I’d sat in Hamilton Square and in that daylight before dusk, avoided watching a couple argue loudly, by watching the birdlife.

I saw female Thrush feeding: and later, a male on a branch, chest puffed out, on display for a potential mate.

We met, in Birkenhead and nowhere I chose was good enough. So I’d said, “you choose.”

Her choice was Liverpool.

Well, once outside the station we’d walked awhile, looking for a suitable eatery.

Being Saturday there were a lot of people out and about.

Hen some young pretty-pretties had walked past, she pointed out ‘long attractive legs,’ as she’d called them. I’d chosen not to look though.

She did it several times, each time a blonde; showing lots of flesh.

I’d not turned my head at any; but, had said: “why should I look at someone else when I’m her with you?”

And, we had finally found somewhere to eat.

The food had been good; and the service impeccable; but the questions interminable.

It’d been like she’d been using stuff I’d said in the past and was using it against me: and recalling the worst.

She’d even chosen to talk of Friday night, when I’d told her of my lack of memory.

Nor had I wanted to talk of it too much as the events were a tad painful to recall; both literally and figuratively. I just shouldn’t have drunk so much, so fast, on an empty stomach.

I had though ~ and paid for it.

And, she had wanted to know the price of the meal.

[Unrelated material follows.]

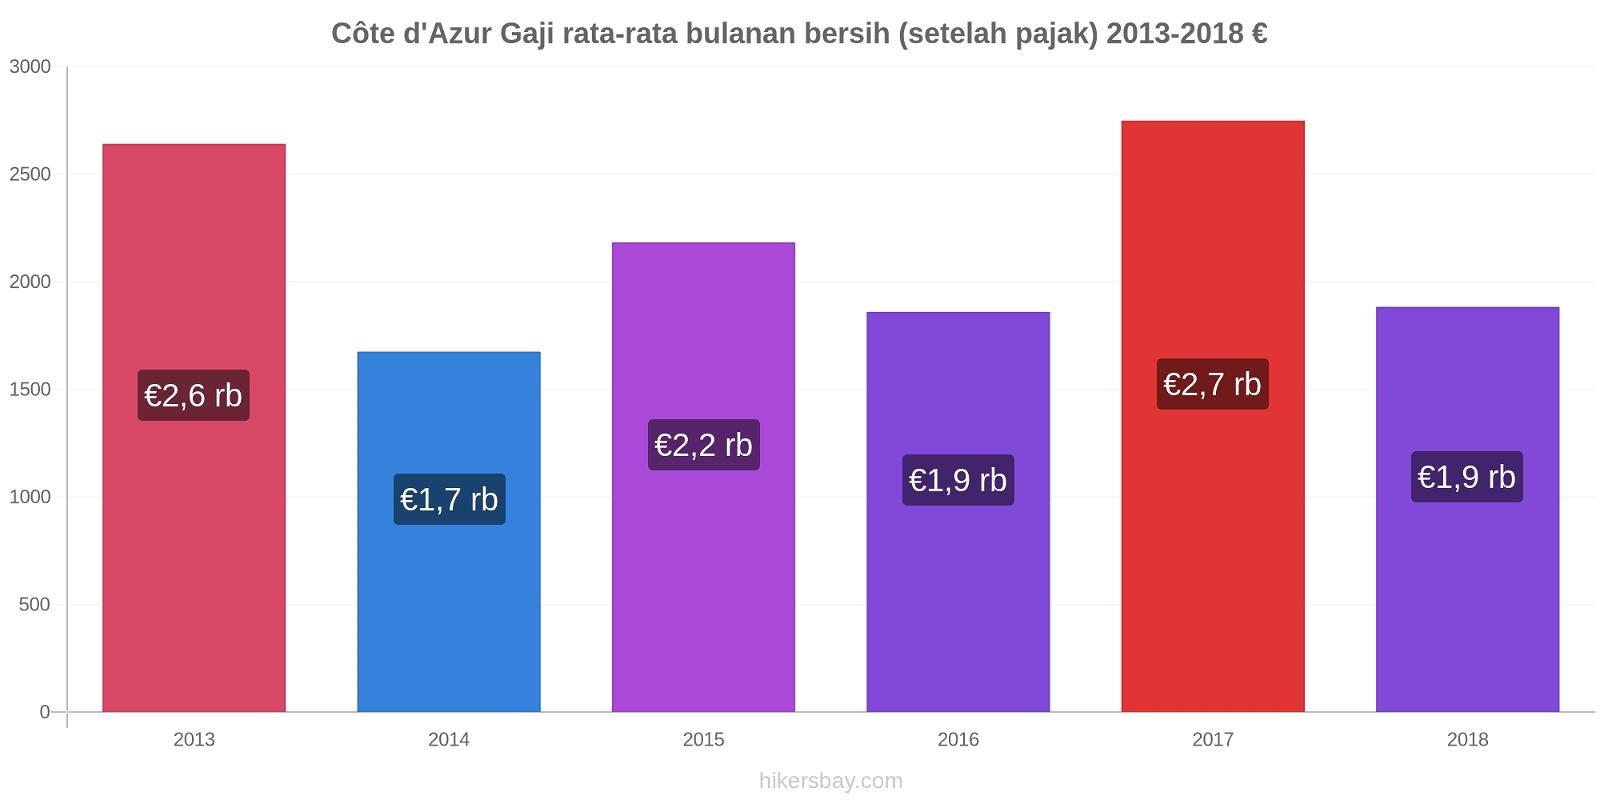 Côte d'Azur perubahan harga Gaji rata-rata bulanan bersih (setelah pajak) hikersbay.com

It’d been moderately expensive.

But, why was that important?

I’d thought it worth what I’d paid with lots of new tastes to try: and surely that’s enough!?!

Cecilia had checked her watch in the restaurant, then again on the street.

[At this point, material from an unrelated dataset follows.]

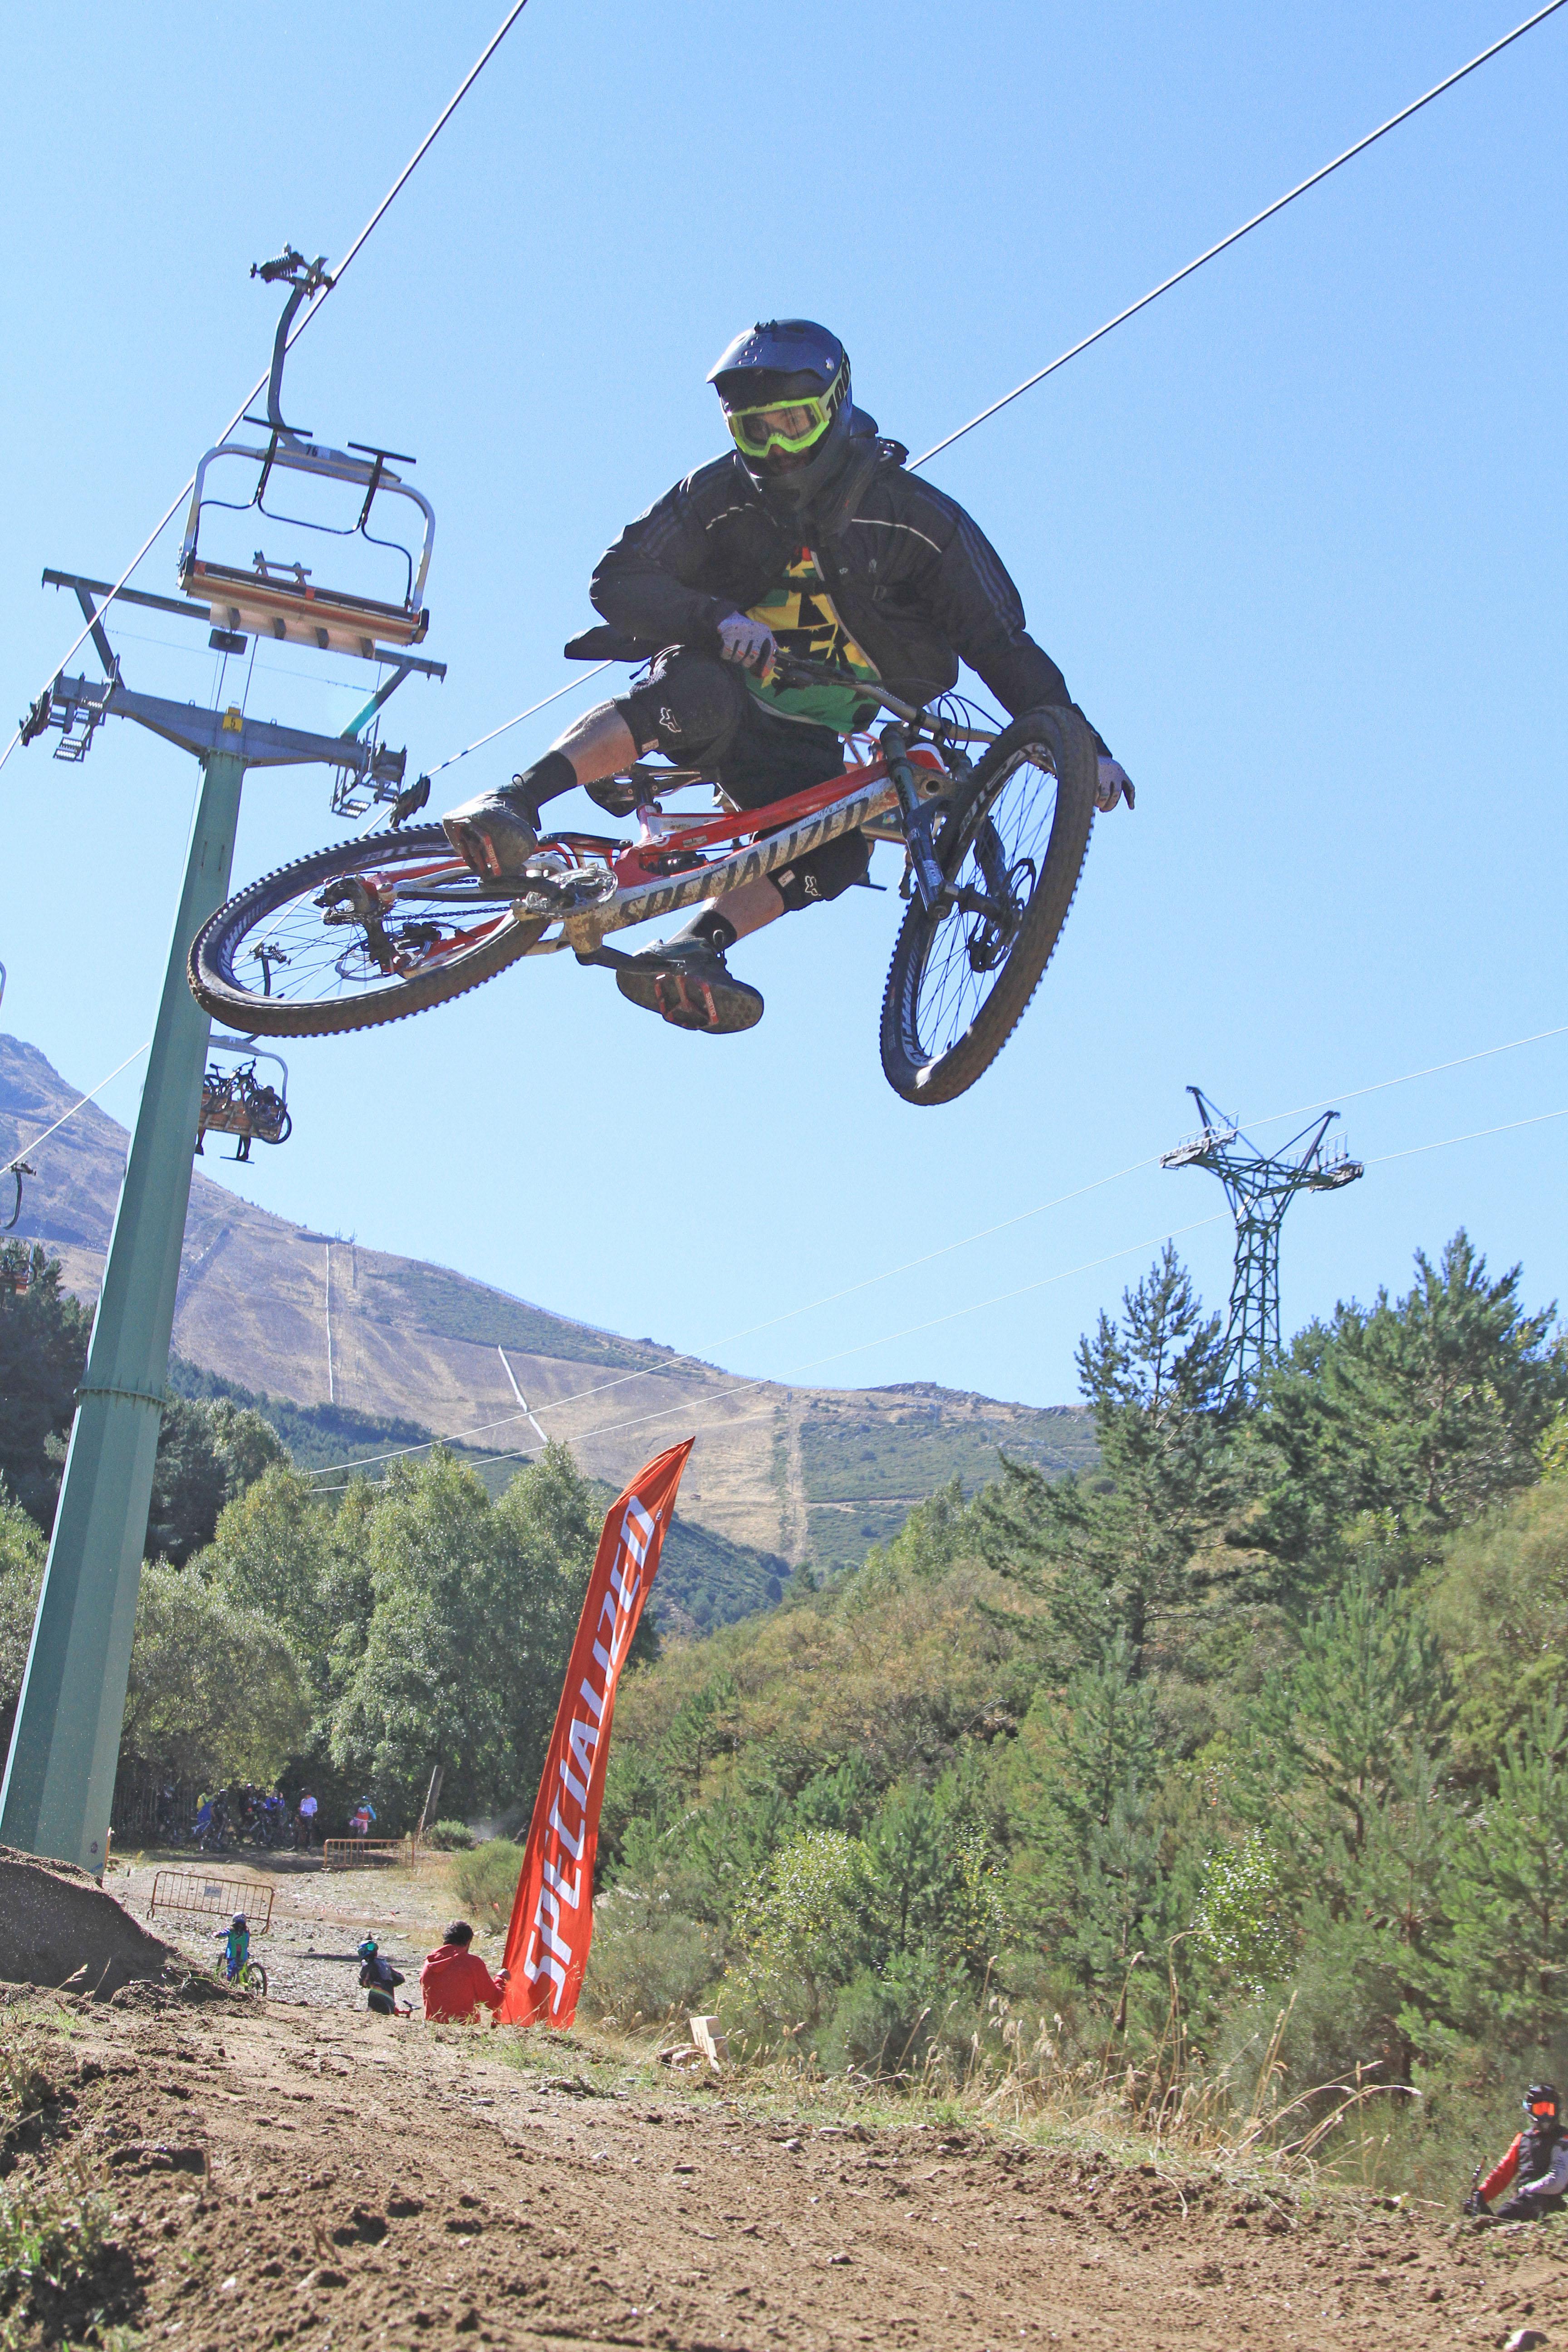 La Pinilla Bike Park

“It’s cold. Let’s go to a pub, so we can talk.”

I took us to The Dispensary, where I’ve not been.

We got in, through a thronging crowd: “It’s too noisy,” said she.

We got out, through a thronging crowd.

And, I recall, she’d chosen a compromise, between where we both live, The Rock Station, across from Rock Ferry Station.

Again there were the questions, all anti-man; and. Little by little, I’d realized that.

Finally I’d said, “I used to think to think all women are the same.”

” I don’t now,” I’d added, thinking of one or two close friends.

As I’d said earlier, I’d been thinking of Debbie and Tina when I used to think like that.

But, I meander… And, as it is, I know they’re not… but, Cecilia… “All men aren’t the same either,” I’d told her.

And, she’d gone quiet.

It was apparent that she still thinks ‘all men are bastards’ ~ very apparent.

And, she’d left me, in the pub, after checking her watch again.



Thank you for the invitation.

Good luck. Take care Bye.



Sent by Ceci;lia Martinez 1 April 2006

22:40:47 (according to the text summary.)

‘deleted’, about 23:55



I think I was an experiment, after two failed relationships of her own. I was an experiment.

Lover. Then friend, then… and, all in a short time.

And, excluding the lump: my head hurts.



Hours have passed since I last wrote and I did sleep awhile. Oh-boy did I find writing it out cathartic.

Anyway, between showers, I have cleaned paintwork, washed windows and hoed borders. I feel more refreshed and my head heard a little less, although its obvious I did hurt myself somehow. Or, someone hurt me. And, I still have no memory of the journey from Liverpool to Birkenhead on Friday night. Either way, I guess it could have been worse.

And yes, I’m annoyed at myself. But, I’m not going to go there… As if I do, I’d try and analyze the event and how can I as I can’t recall it. I just have to be more careful.

Yet after yesterday’s events with Cecilia, I’m not depressed, as I would have been in the past.

Oh I’m disappointed. But, manias taken over and recalling the date ~ I’m putting it all down to a bad joke at my expense, literally. At least the meal itself had been enjoyable!